I understand that error made because:
The google don't like too many request form one IP Address.
So tried to add these tags(--rm-cache-dir --force-ipv4 --verbose
) to youtube-dl
command as you can see below ( based of these reffrences 1 2 3):
ERROR: Unable to download webpage: HTTP Error 429: Too Many Requests (caused by <HTTPError 429: 'Too Many Requests'>); please report this issue on https://yt-dl.org/bug . Make sure you are using the latest version; see https://yt-dl.org/update on how to update. Be sure to call youtube-dl with the --verbose flag and include its complete output.

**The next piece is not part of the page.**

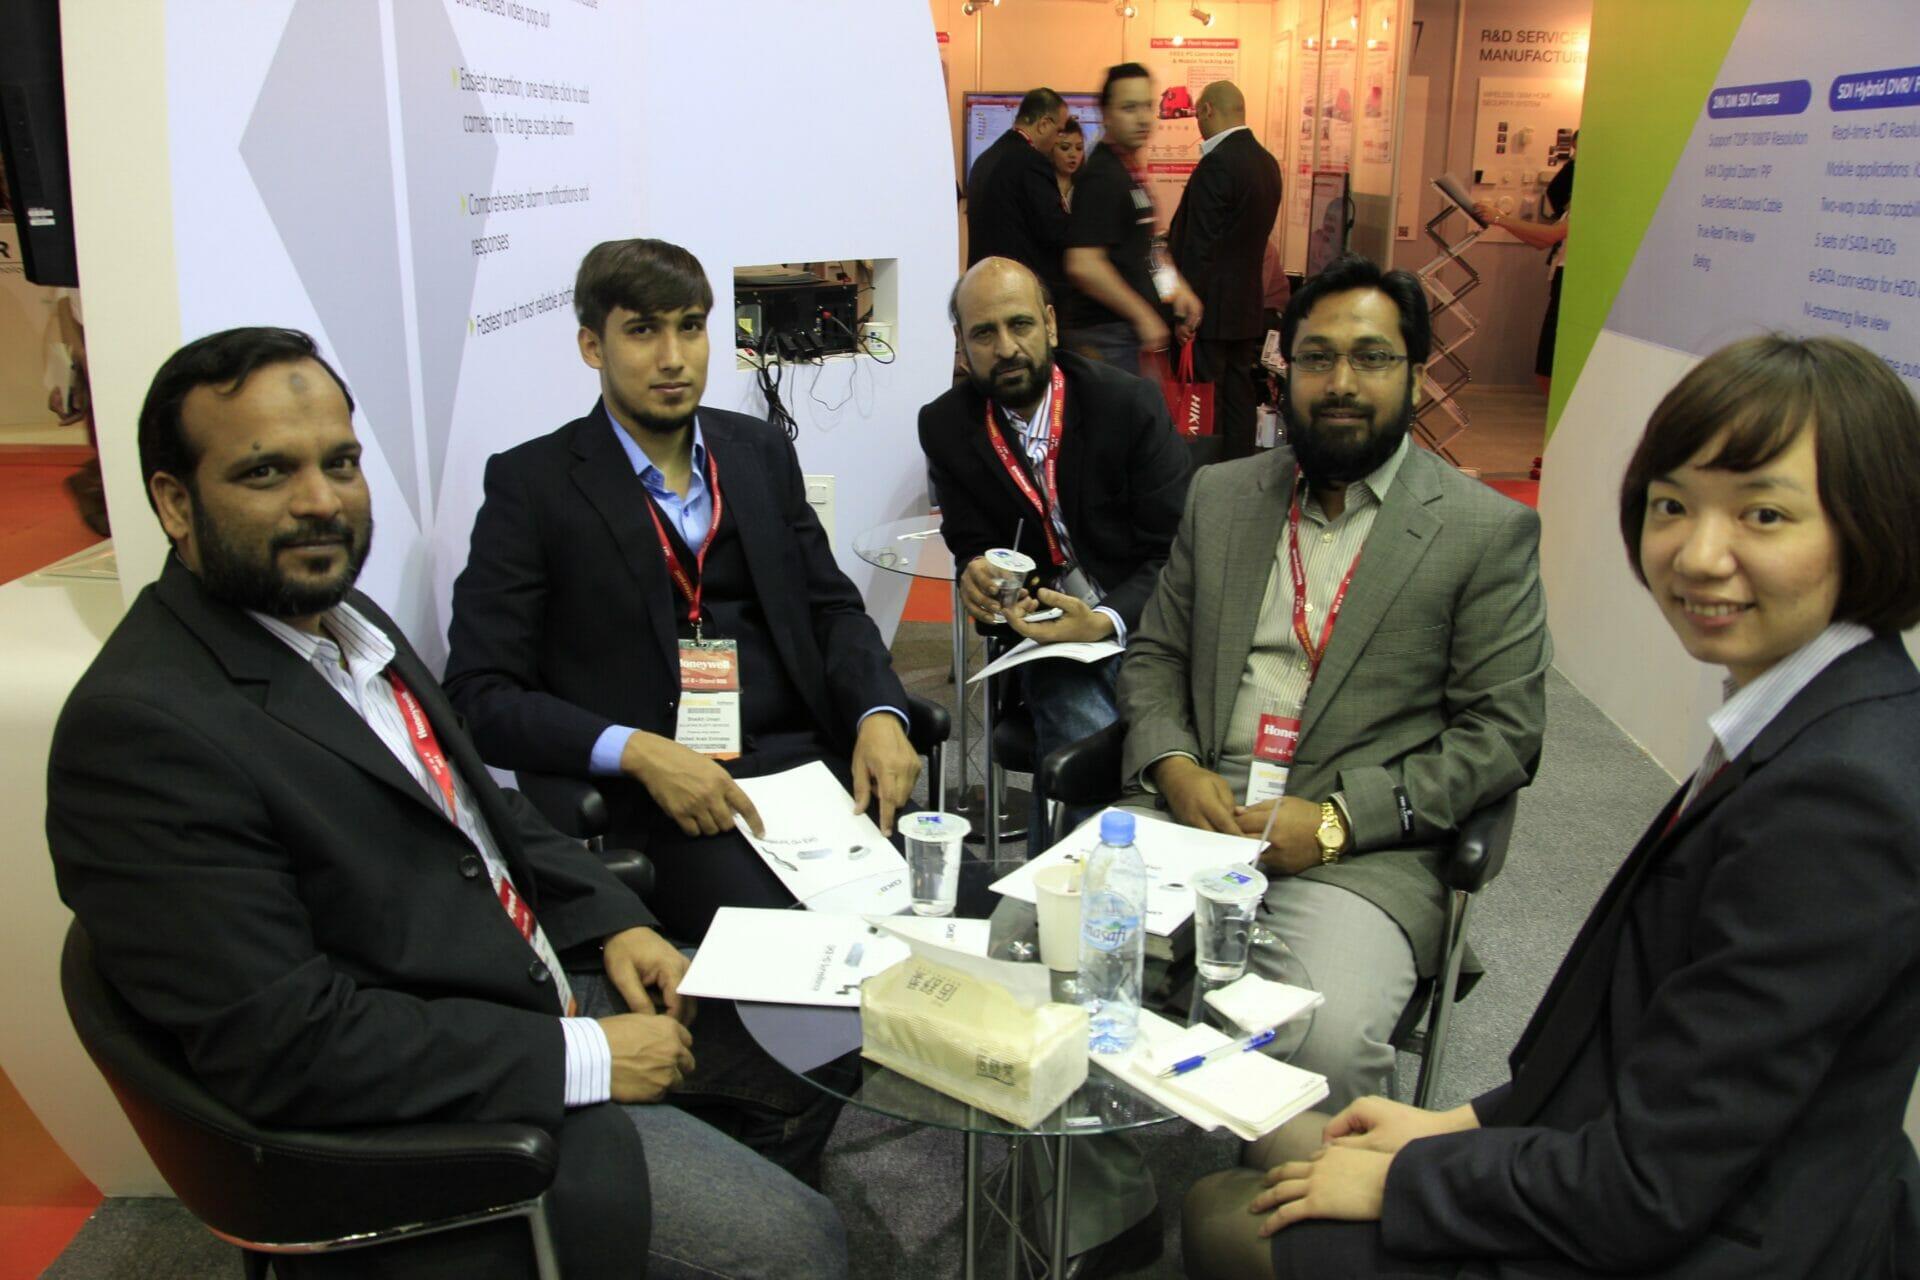 2013年1月,於杜拜展會和巴基斯坦客戶留影
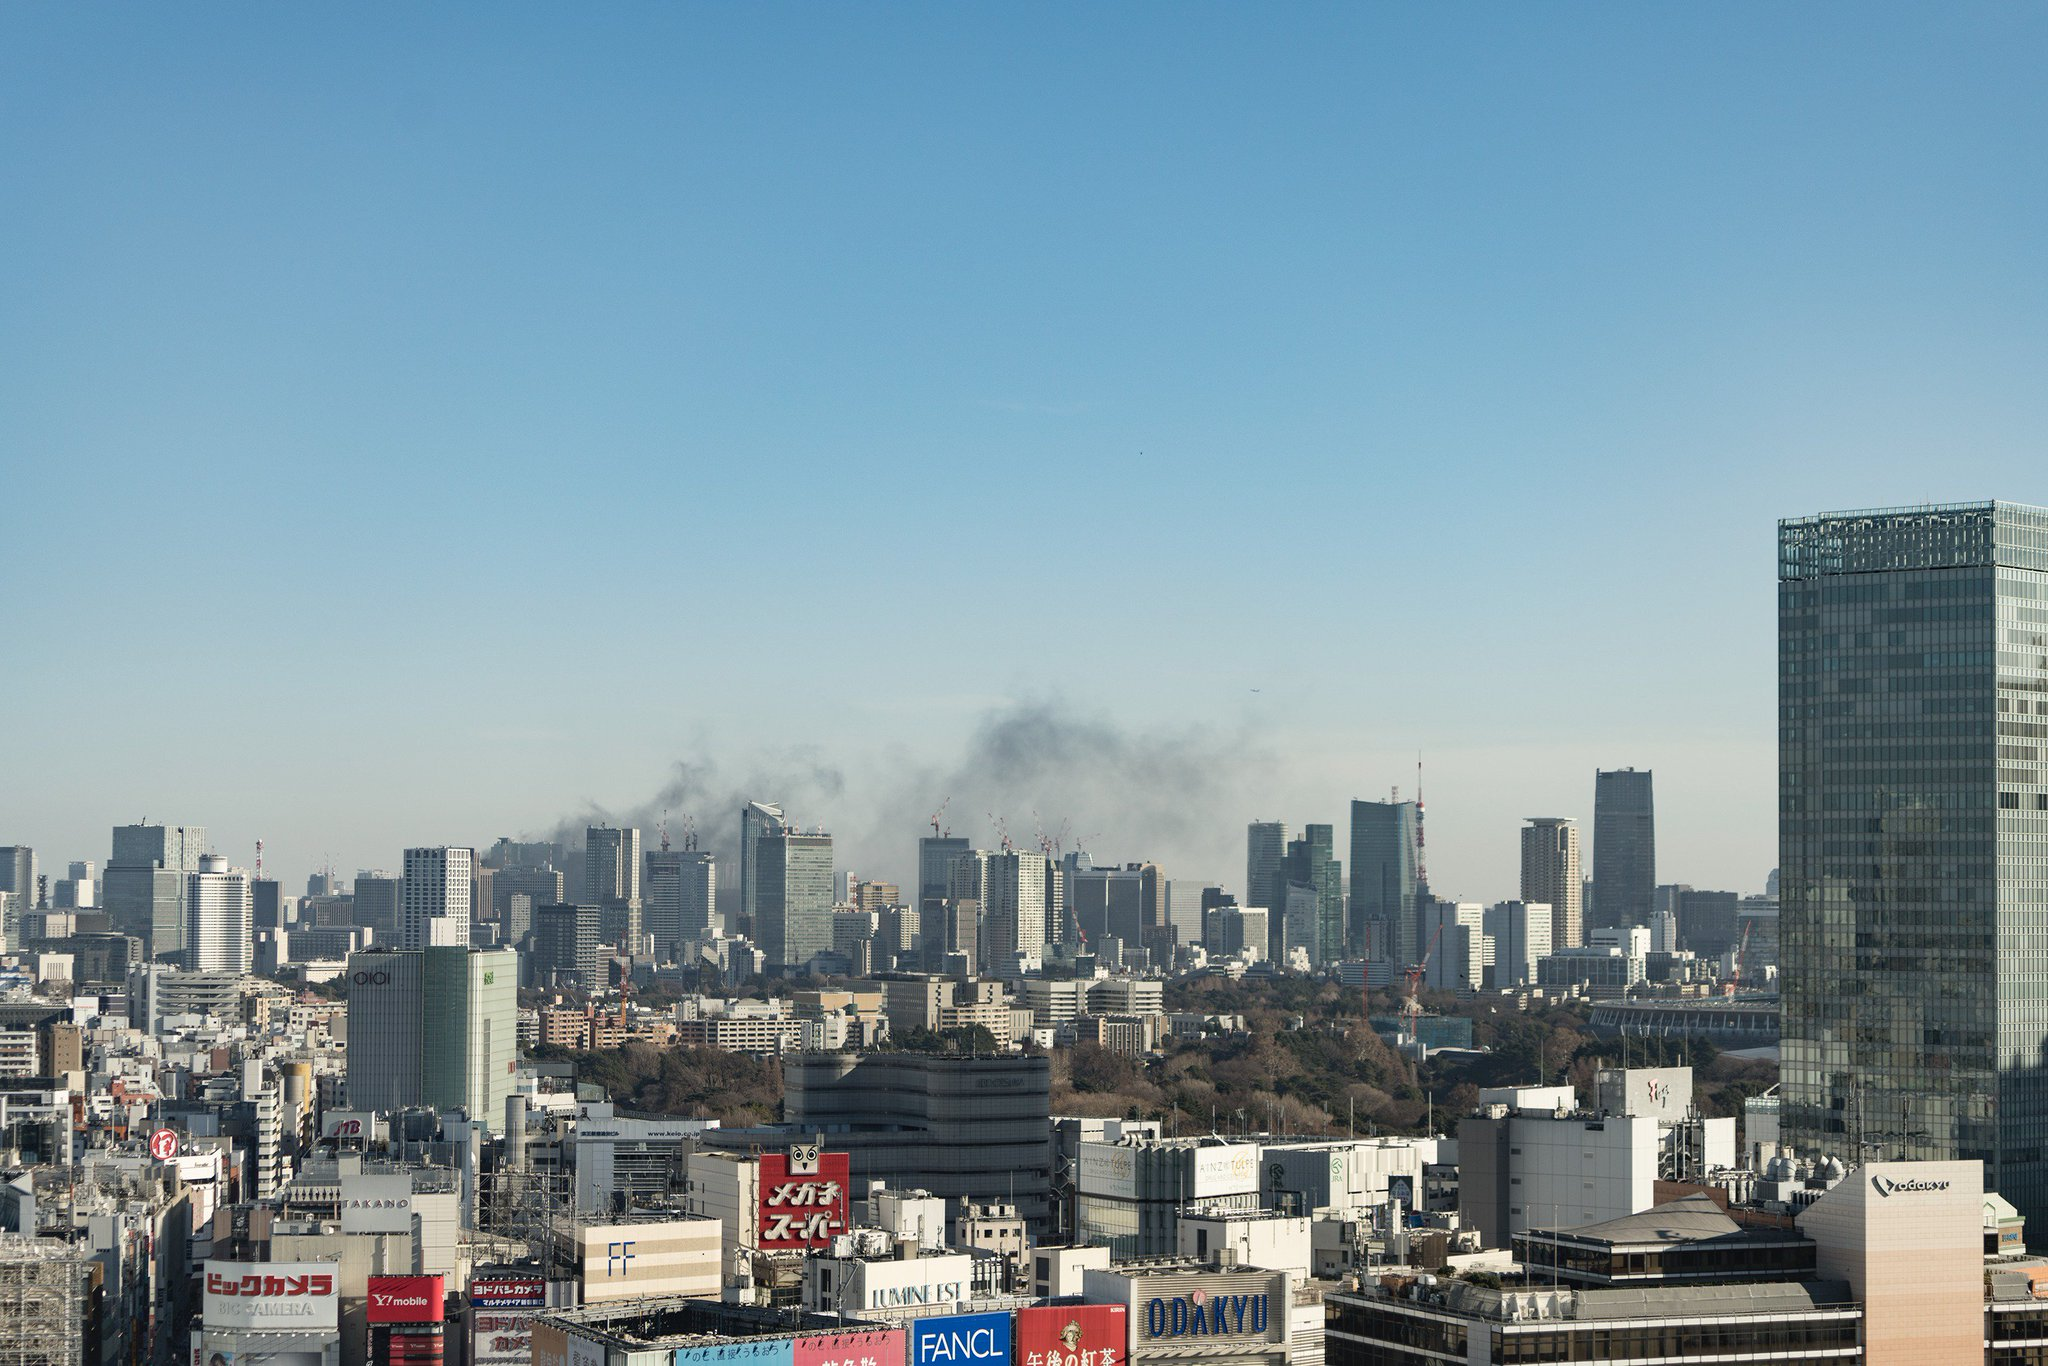 画像,新宿のオフィスから火事っぽいの見えるって思ったら新橋らしい https://t.co/KDOREv1m8b。

File "/usr/local/lib/python3.6/dist-packages/youtube_dl/extractor/common.py", line 632, in _request_webpage
return self._downloader.urlopen(url_or_request)
File "/usr/local/lib/python3.6/dist-packages/youtube_dl/YoutubeDL.py", line 2238, in urlopen
return self._opener.open(req, timeout=self._socket_timeout)
File "/usr/lib/python3.6/urllib/request.py", line 532, in open
response = meth(req, response)
File "/usr/lib/python3.6/urllib/request.py", line 642, in http_response
'http', request, response, code, msg, hdrs)
File "/usr/lib/python3.6/urllib/request.py", line 564, in error
result = self._call_chain(*args)
File "/usr/lib/python3.6/urllib/request.py", line 504, in _call_chain
result = func(*args)
File "/usr/lib/python3.6/urllib/request.py", line 756, in http_error_302
return self.parent.open(new, timeout=req.timeout)
File "/usr/lib/python3.6/urllib/request.py", line 532, in open
response = meth(req, response)
File "/usr/lib/python3.6/urllib/request.py", line 642, in http_response
'http', request, response, code, msg, hdrs)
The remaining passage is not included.